__TASK INSTRUCTIONS__:
Consider the listing below. Extract exactly the lines from the line containing "Pavelle 10 oz." to the line containing "Baseball Pants Child", both included.
━━━━━ DATASET EXCERPTS ━━━━━
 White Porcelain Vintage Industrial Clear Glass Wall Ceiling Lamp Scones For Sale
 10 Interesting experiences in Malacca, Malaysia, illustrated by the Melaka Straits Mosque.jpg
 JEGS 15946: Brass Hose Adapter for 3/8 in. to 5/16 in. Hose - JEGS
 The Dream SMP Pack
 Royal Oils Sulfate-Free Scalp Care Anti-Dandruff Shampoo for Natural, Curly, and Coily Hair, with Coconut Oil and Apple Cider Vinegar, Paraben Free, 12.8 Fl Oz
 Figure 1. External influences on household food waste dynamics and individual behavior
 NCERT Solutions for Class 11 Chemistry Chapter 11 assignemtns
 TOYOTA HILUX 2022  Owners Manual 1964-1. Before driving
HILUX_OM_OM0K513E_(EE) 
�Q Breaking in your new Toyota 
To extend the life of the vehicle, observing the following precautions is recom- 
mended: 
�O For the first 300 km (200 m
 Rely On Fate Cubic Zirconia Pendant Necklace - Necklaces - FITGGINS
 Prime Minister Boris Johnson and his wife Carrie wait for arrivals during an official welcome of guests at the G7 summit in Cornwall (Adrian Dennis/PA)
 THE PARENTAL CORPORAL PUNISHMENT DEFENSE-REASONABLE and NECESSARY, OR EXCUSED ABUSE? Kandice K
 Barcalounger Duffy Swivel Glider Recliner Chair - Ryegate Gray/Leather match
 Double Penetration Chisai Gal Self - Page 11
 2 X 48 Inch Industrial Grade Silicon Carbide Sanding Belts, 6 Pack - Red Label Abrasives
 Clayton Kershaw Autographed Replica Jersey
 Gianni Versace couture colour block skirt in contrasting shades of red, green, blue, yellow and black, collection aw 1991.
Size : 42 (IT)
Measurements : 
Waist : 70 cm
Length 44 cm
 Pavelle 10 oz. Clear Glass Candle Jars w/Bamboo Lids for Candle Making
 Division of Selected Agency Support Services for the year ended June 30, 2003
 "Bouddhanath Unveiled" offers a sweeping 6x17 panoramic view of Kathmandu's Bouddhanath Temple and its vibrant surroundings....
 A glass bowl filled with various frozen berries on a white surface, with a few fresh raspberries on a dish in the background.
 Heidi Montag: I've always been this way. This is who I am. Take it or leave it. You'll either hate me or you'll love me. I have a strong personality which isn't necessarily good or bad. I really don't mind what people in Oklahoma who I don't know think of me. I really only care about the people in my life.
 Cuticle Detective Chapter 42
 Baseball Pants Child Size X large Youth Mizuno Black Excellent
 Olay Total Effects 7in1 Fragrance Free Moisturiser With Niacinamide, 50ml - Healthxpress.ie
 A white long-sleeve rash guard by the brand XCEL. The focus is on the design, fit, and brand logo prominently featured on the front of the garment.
━━━━━
__FINISHED TASK__:
 Pavelle 10 oz. Clear Glass Candle Jars w/Bamboo Lids for Candle Making
 Division of Selected Agency Support Services for the year ended June 30, 2003
 "Bouddhanath Unveiled" offers a sweeping 6x17 panoramic view of Kathmandu's Bouddhanath Temple and its vibrant surroundings....
 A glass bowl filled with various frozen berries on a white surface, with a few fresh raspberries on a dish in the background.
 Heidi Montag: I've always been this way. This is who I am. Take it or leave it. You'll either hate me or you'll love me. I have a strong personality which isn't necessarily good or bad. I really don't mind what people in Oklahoma who I don't know think of me. I really only care about the people in my life.
 Cuticle Detective Chapter 42
 Baseball Pants Child Size X large Youth Mizuno Black Excellent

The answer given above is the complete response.